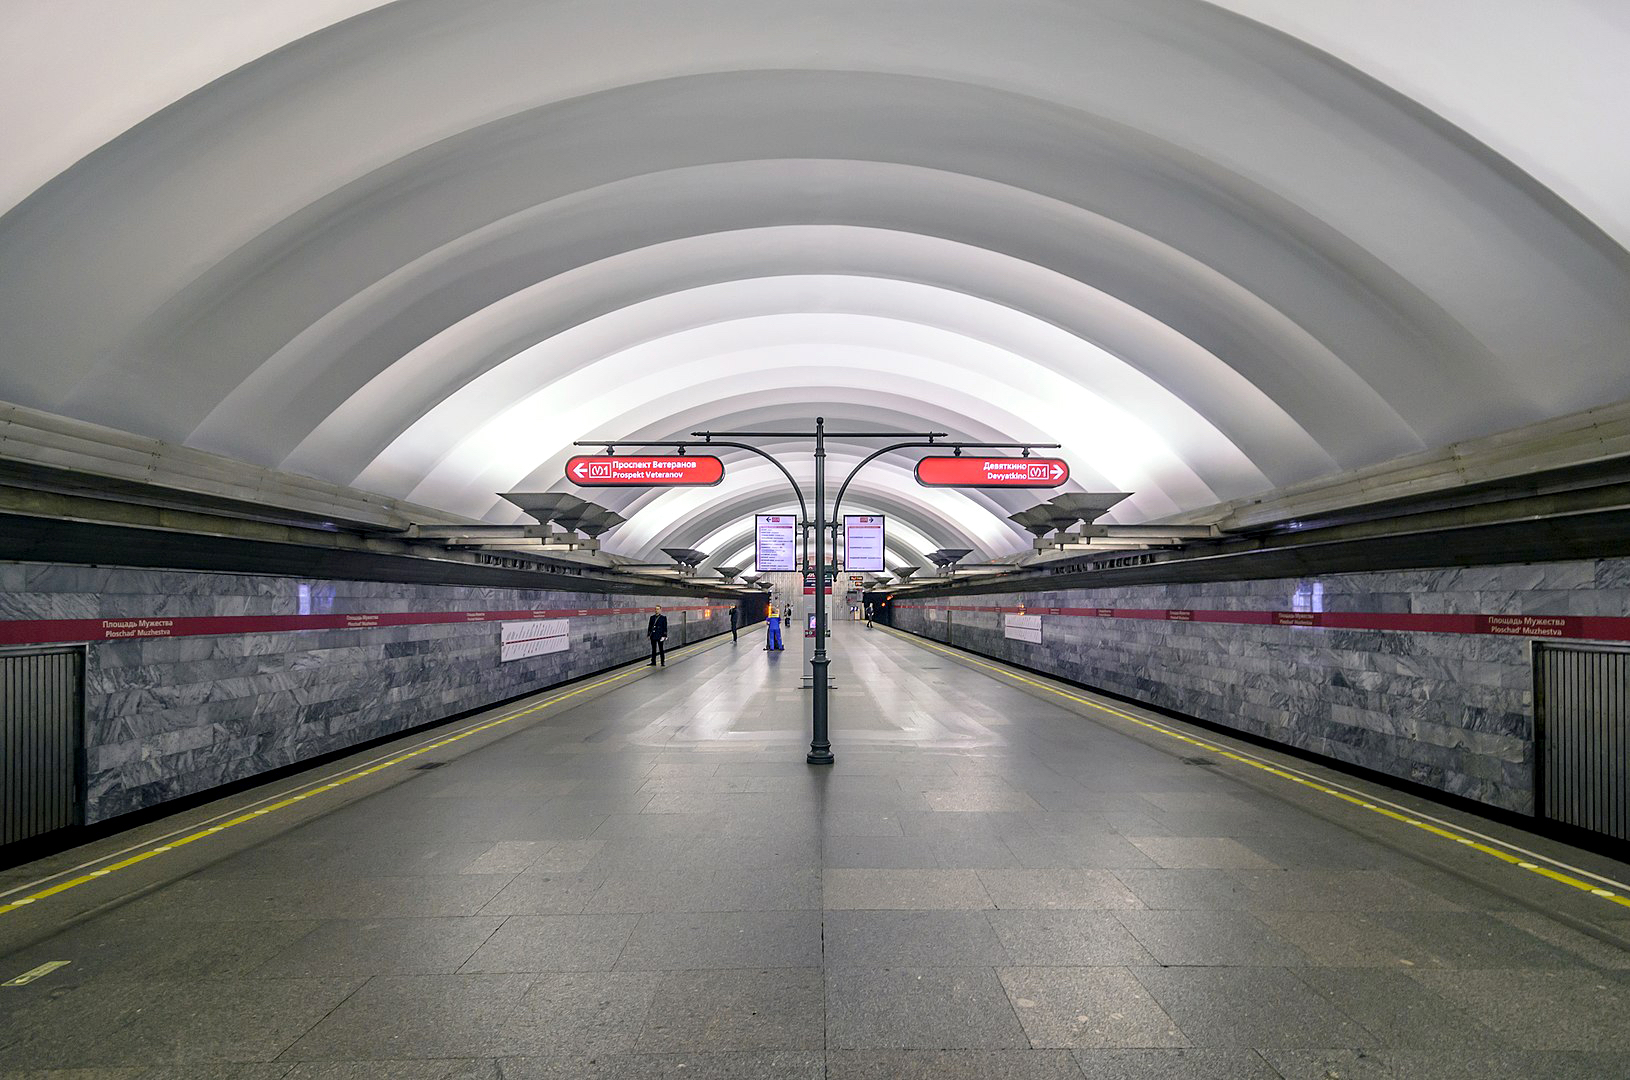 Реферат: Подземные дворцы (Петербургское метро)
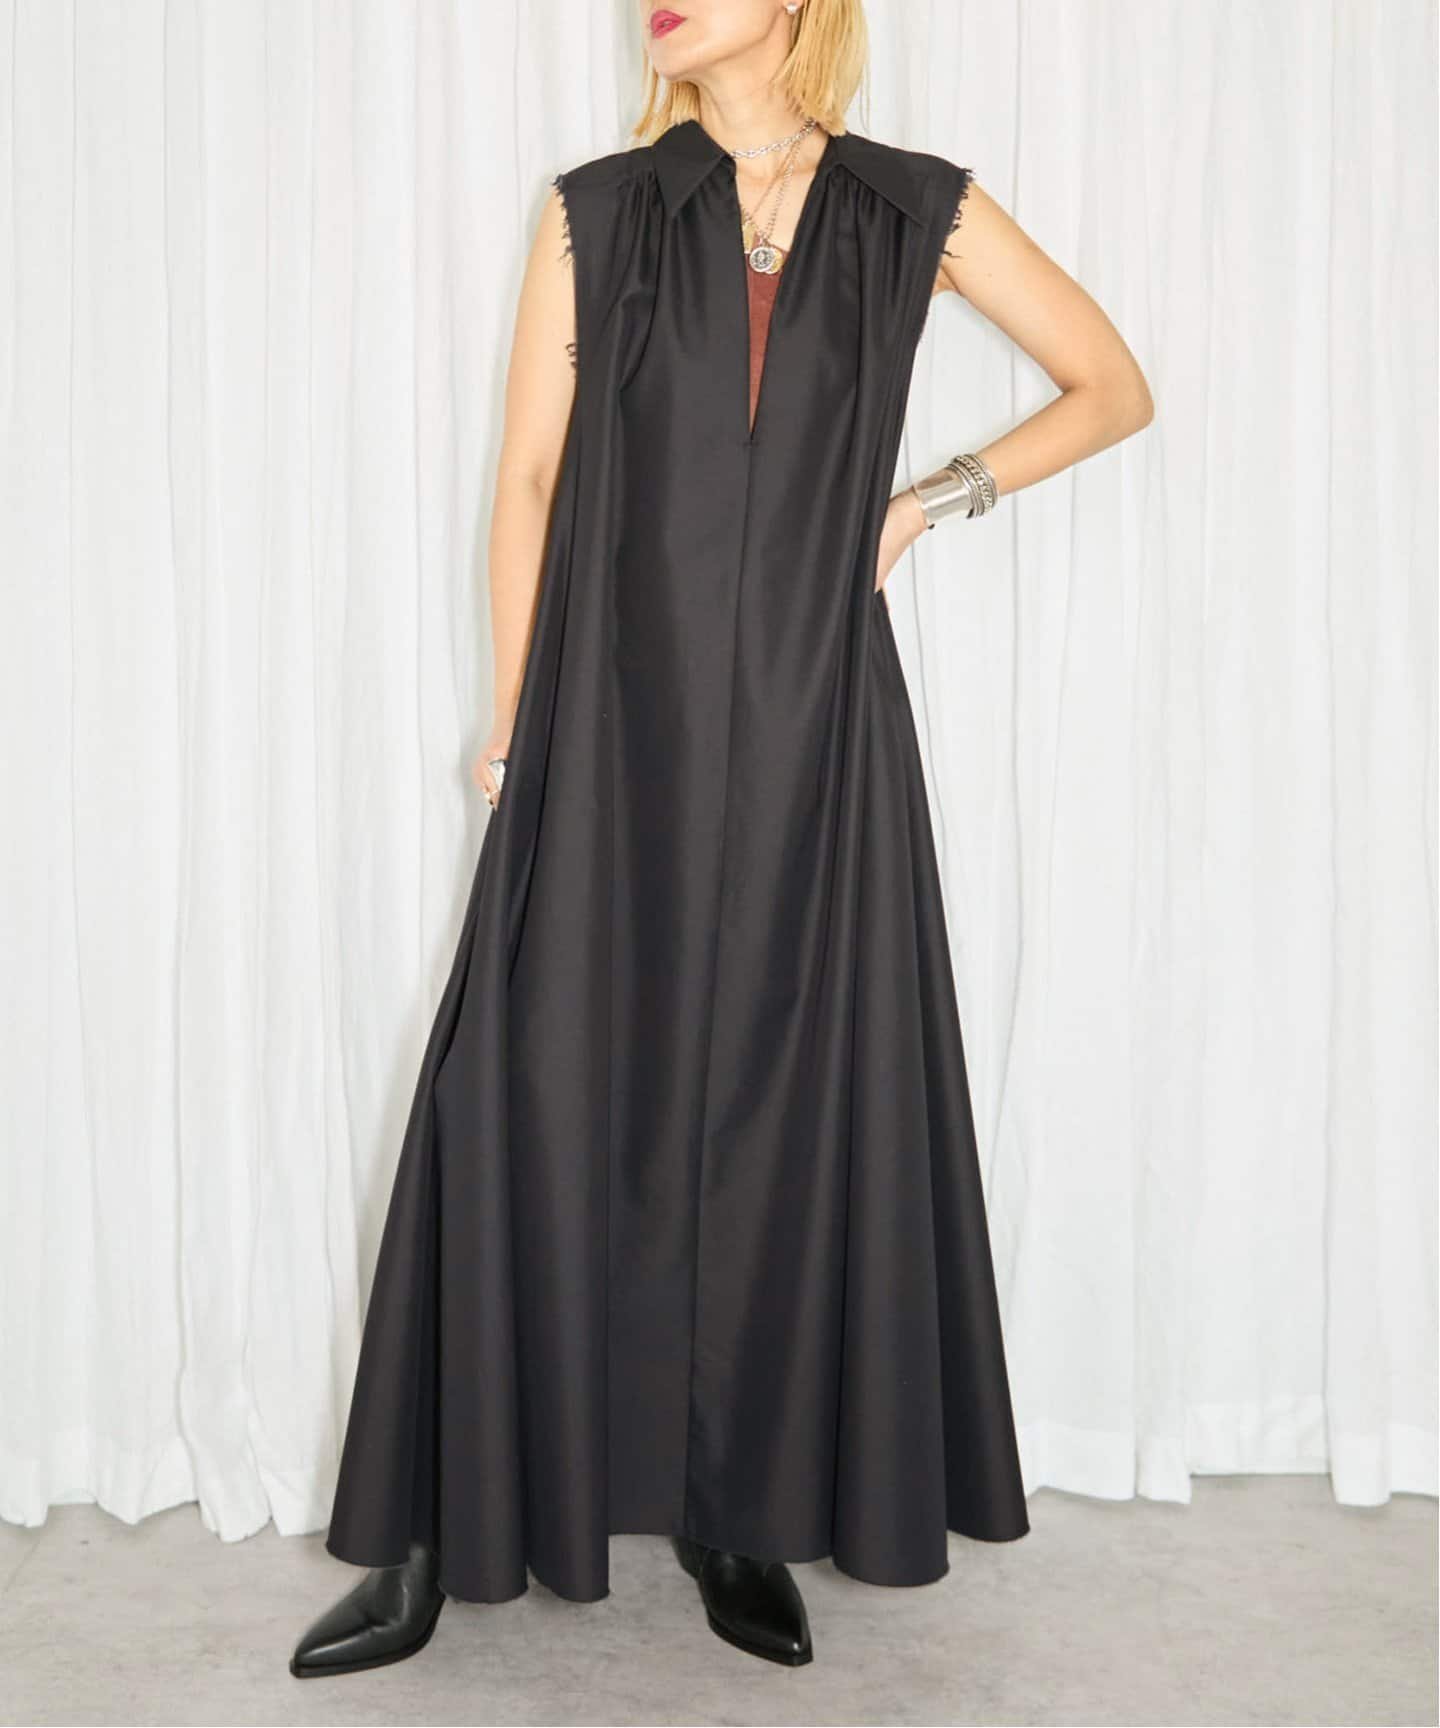 CITYSHOP 《予約》COTTON TWILL DRESS:ワンピース シティーショップ ワンピース・ドレス ワンピース ブラック【送料無料】
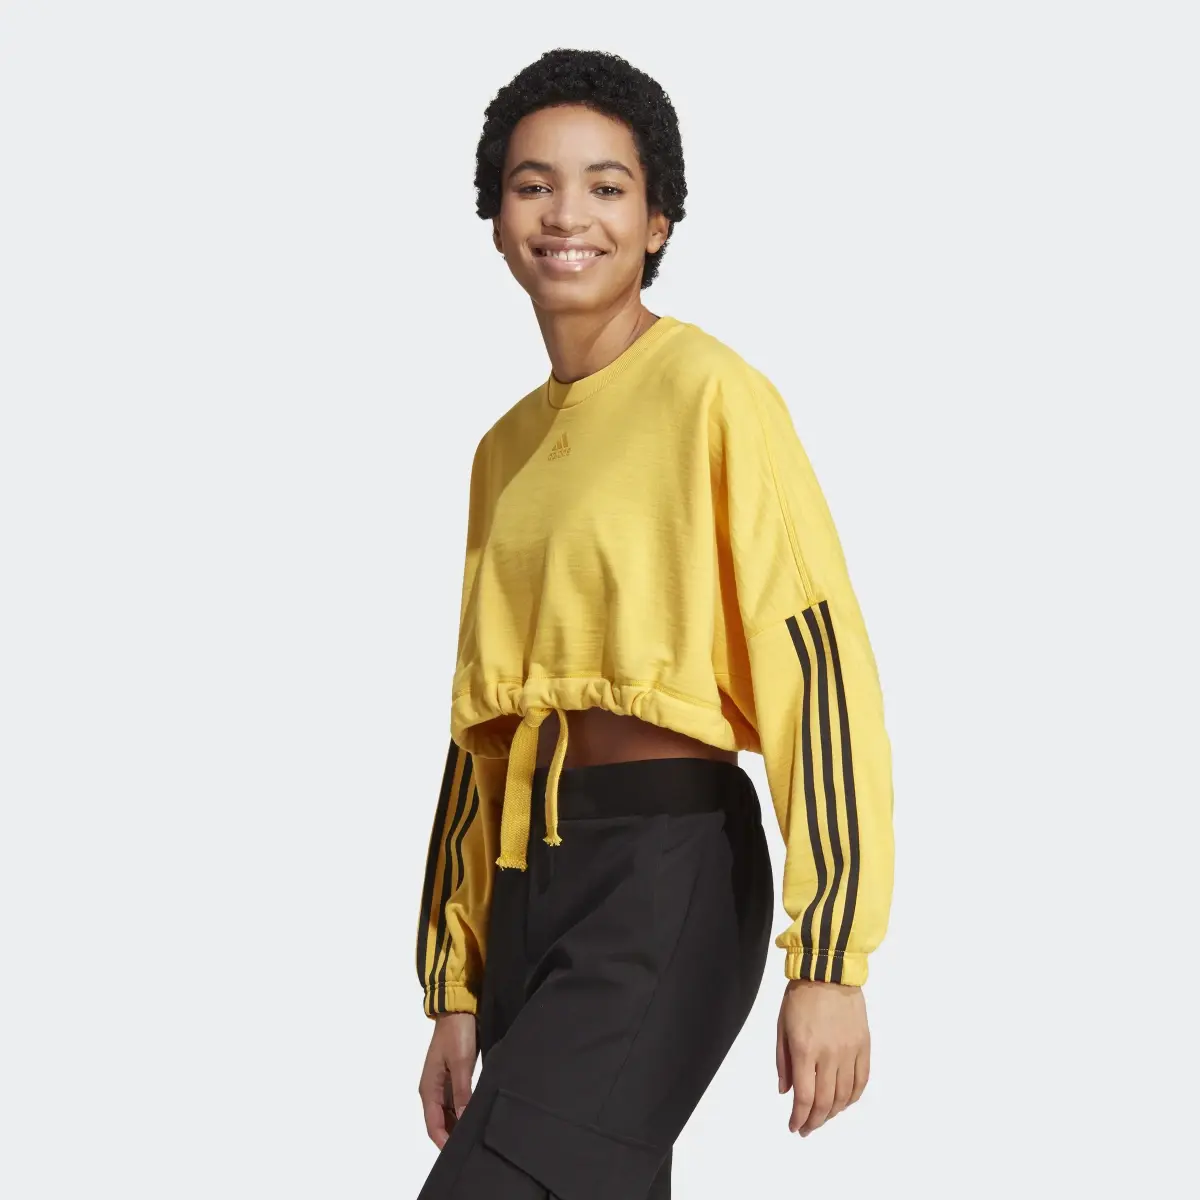 Adidas Dance Crop Versatile Sweatshirt. 2
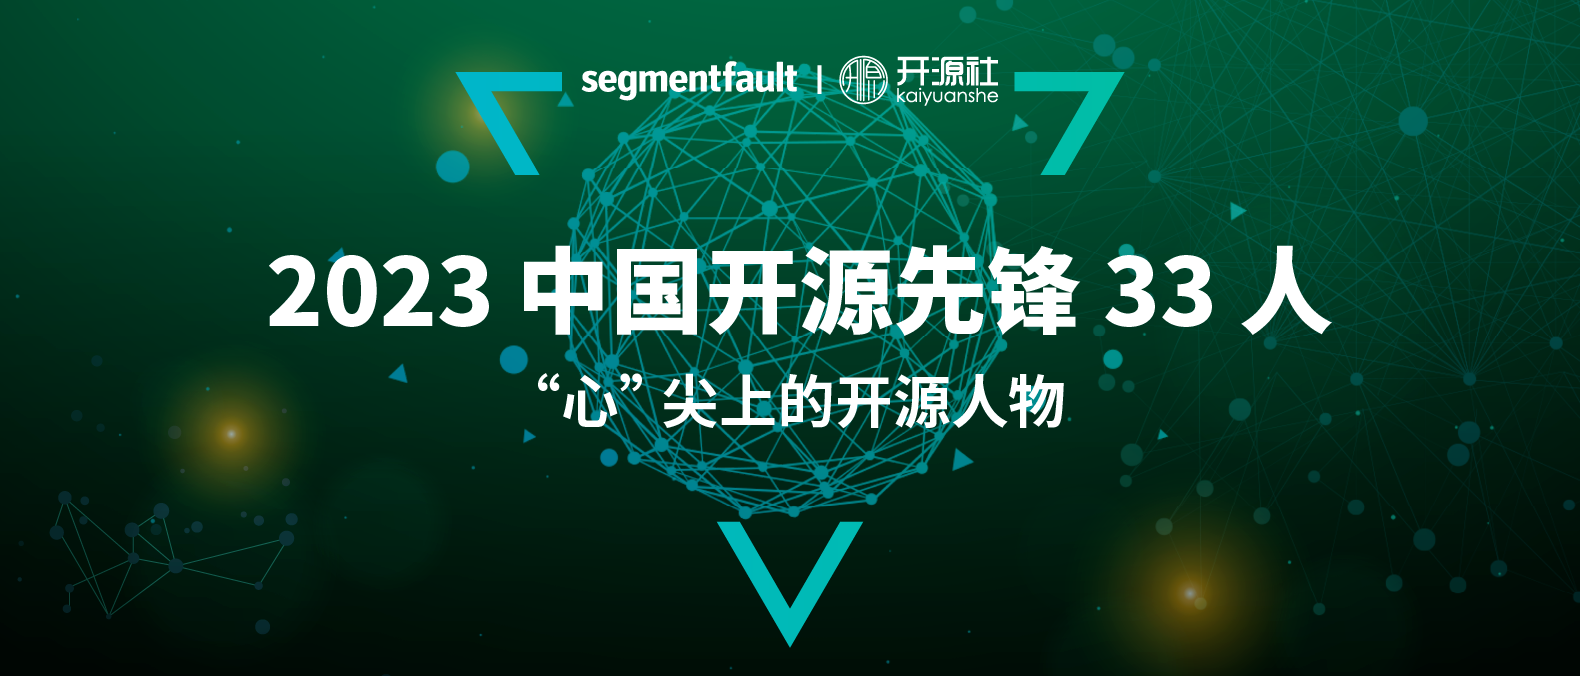 祝贺！openKylin副秘书长刘敏入选「2023 中国开源先锋 33 人之心尖上的开源人物」
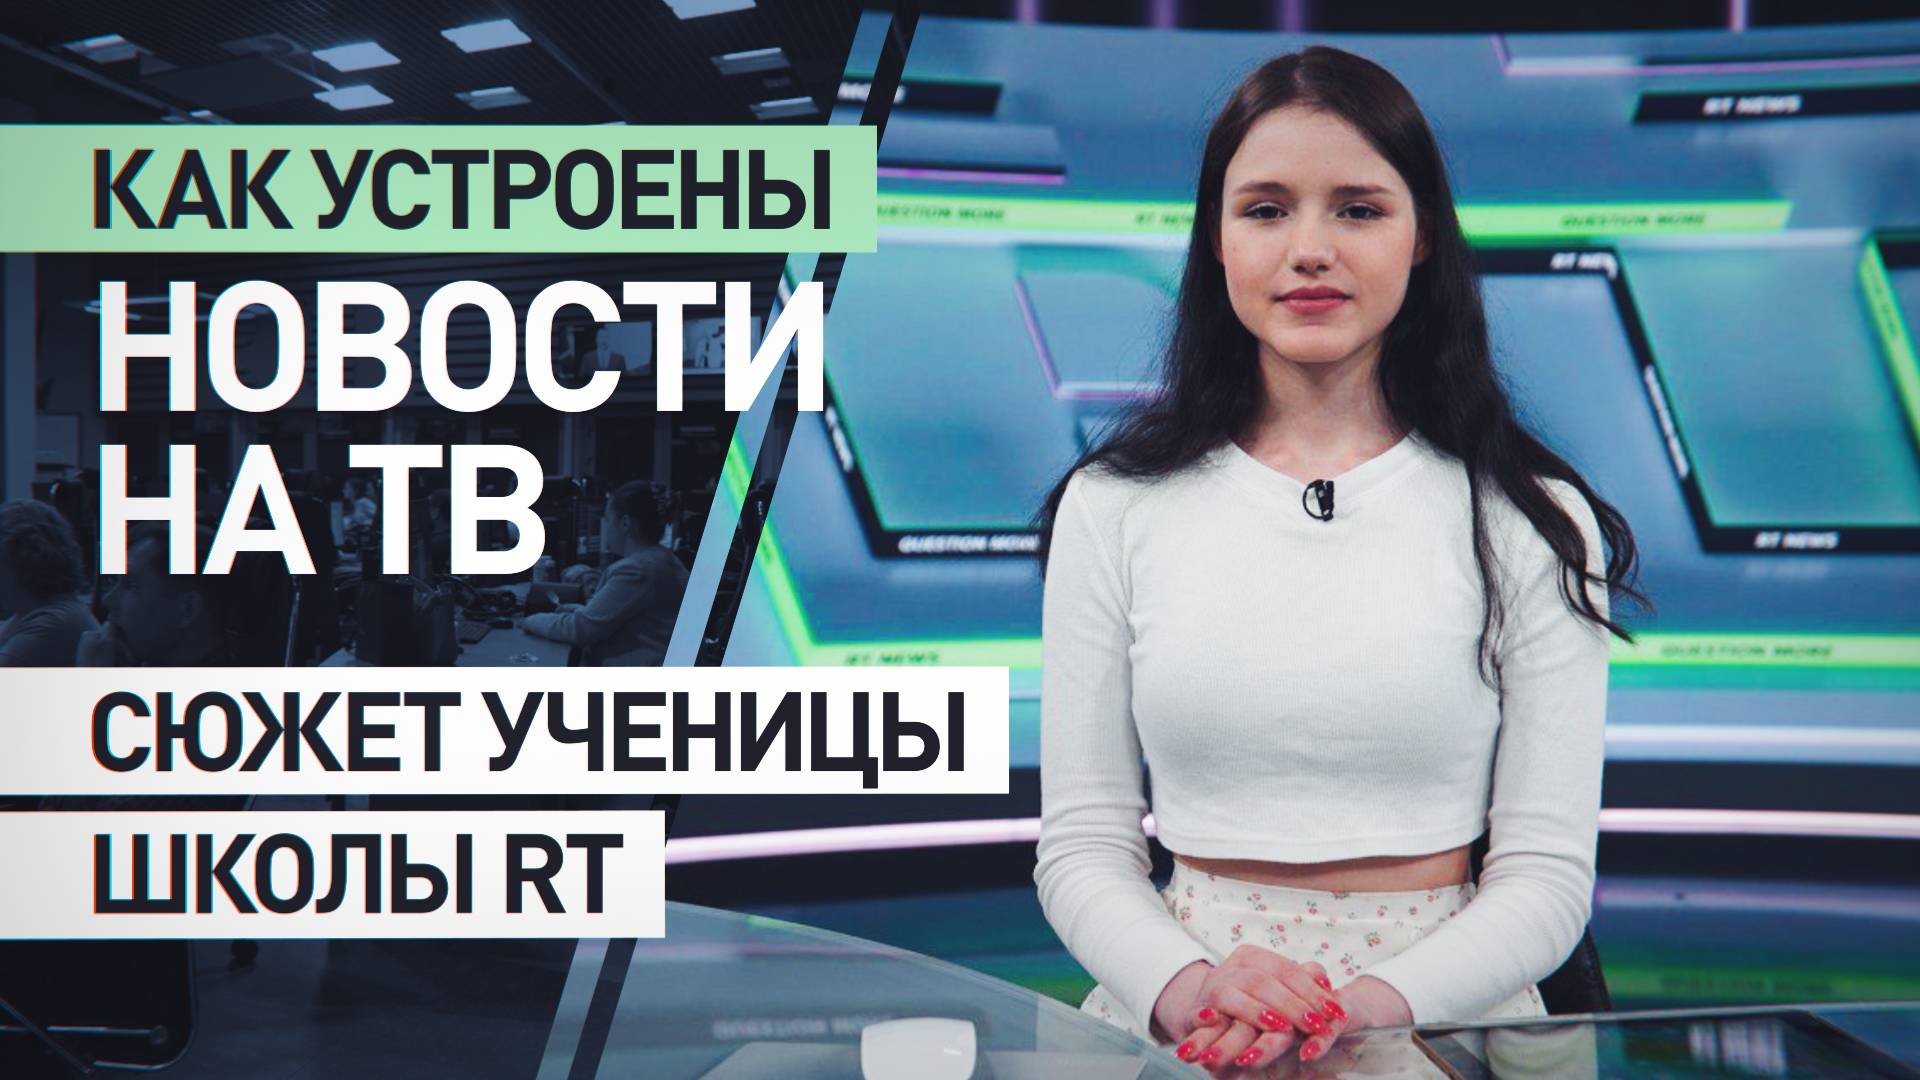 Как стать корреспондентом: 17-летняя ученица Школы RT сняла сюжет о работе канала
◇ ◇ ◇
§ Aim of the task
Exclude the images, then output the data above word for word.

§ Task output
 Реферат: Подземные дворцы (Петербургское метро)
 CITYSHOP 《予約》COTTON TWILL DRESS:ワンピース シティーショップ ワンピース・ドレス ワンピース ブラック【送料無料】
 Adidas Dance Crop Versatile Sweatshirt. 2
 祝贺！openKylin副秘书长刘敏入选「2023 中国开源先锋 33 人之心尖上的开源人物」
 Как стать корреспондентом: 17-летняя ученица Школы RT сняла сюжет о работе канала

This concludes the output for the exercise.